EVE Survey of DAC Attendees Finds Most Satisfied with Verification Environment

60 Percent Employ Hardware/Software Co-Verification, 55 Percent Use or Plan to Use Hardware-Assisted Verification

SAN JOSE, Calif.--(BUSINESS WIRE)--In a survey of Design Automation Conference (DAC) attendees taken during the conference in July, EVE found that 60 percent of respondents were satisfied with their current verification environment.

EVE, known for its ZeBu (Zero Bugs) hardware-assisted verification platform, conducted this survey to better understand electronics design trends and what tools are needed to make design teams more effective. Of 617 surveys collected during the four-day conference, 477 were used to compile the survey.

Among the findings, close to 60 percent of respondents said that their design team performed hardware/software co-verification, and 55 percent use or plan to use hardware-assisted verification. The survey showed trends toward bigger designs –– 72 percent noted that their designers were larger than two million gates –– and a growing need for better performance or software development, leading to a strong desire for hardware-assisted verification solutions.

“This survey has been incredibly useful,” says Lauro Rizzatti, general manager of EVE-USA. “It confirmed our theory that only companies offering fast solutions at a low price with a decent setup time, automated compilation flow and hardware debugging will thrive. The others will stagnate in the emulation market or be replaced by newcomers in the prototyping market where it is well known that the barriers to entry are quite low.”

Other findings: Assertion-based design is used by 49 percent of respondents in the verification flow, with cycle-based simulation weighing in at 27 percent and transaction-based verification at 24 percent.

As for hardware/software co-design, 31 percent of respondents are using emulation, 29 percent employ field programmable gate array (FPGA) prototyping, 15 percent have chosen virtual prototyping, 13 percent use electronic system level (ESL) tools and 12 percent are working with instruction set simulation (ISS).

Respondents included front- and back-end designers, front- and back-end verification engineers and system designers. Other respondents listed their job functions as electronic design automation (EDA) management, software engineers, sales and marketing. They are designers of application specific integrated circuits (ASICs) (42 percent), system on chips (SoCs) (26 percent), intellectual property (IP) (13 percent) and custom ICs (12 percent).

Applications ranged from consumer electronics (23 percent) and communications and wireless (16 percent each), processor (11 percent), followed by networking, computers and peripherals, multimedia, military/defense electronics, aerospace and Homeland Security, all under 10 percent of respondents.

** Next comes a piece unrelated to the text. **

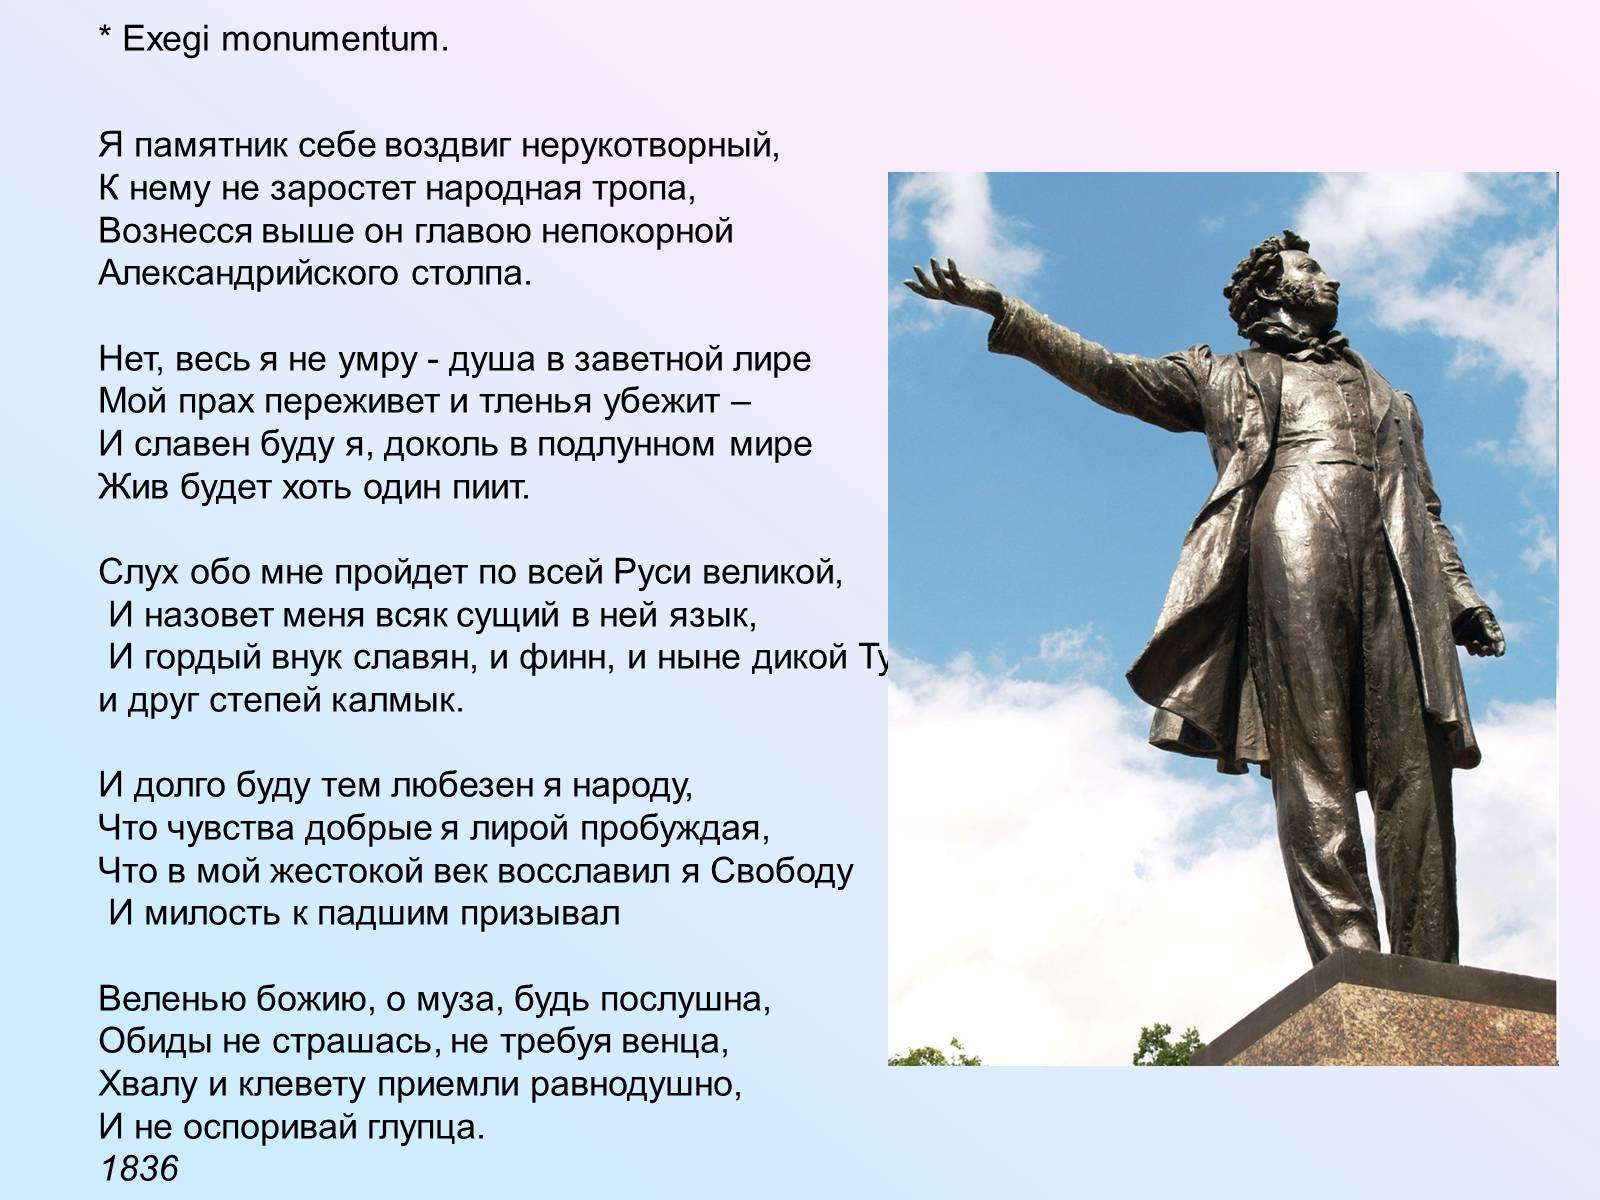 Стих а с пушкина я памятник воздвигнул

The largest percentage of respondents noted that their chips were less than two-million gates (28 percent), while 25 percent wrote that their chips were in the two- to five-million gate range. Others said that their designs were in the five- to 10-million gate range (22 percent), 15 percent wrote that their designs ranged from 10-50 million gates and 10 percent said that their chips were larger than 50-million gates.

While most respondents listed execution speed as needing the most improvement in the verification environment, ease of use, setup and compile speed also need improvement, as does coverage, price and reusability.

Within the verification flow, the survey found that 25 percent of respondents believe that block-level testing needs the most improvement, followed by software integration at 19 percent. Hardware regression testing and block-level regression testing weighed in at 18 and 17 percent, respectively. Other areas that need improvement include software applications, software drivers and graphical user interface (GUI)/utilities development, and real-time operating systems (RTOS).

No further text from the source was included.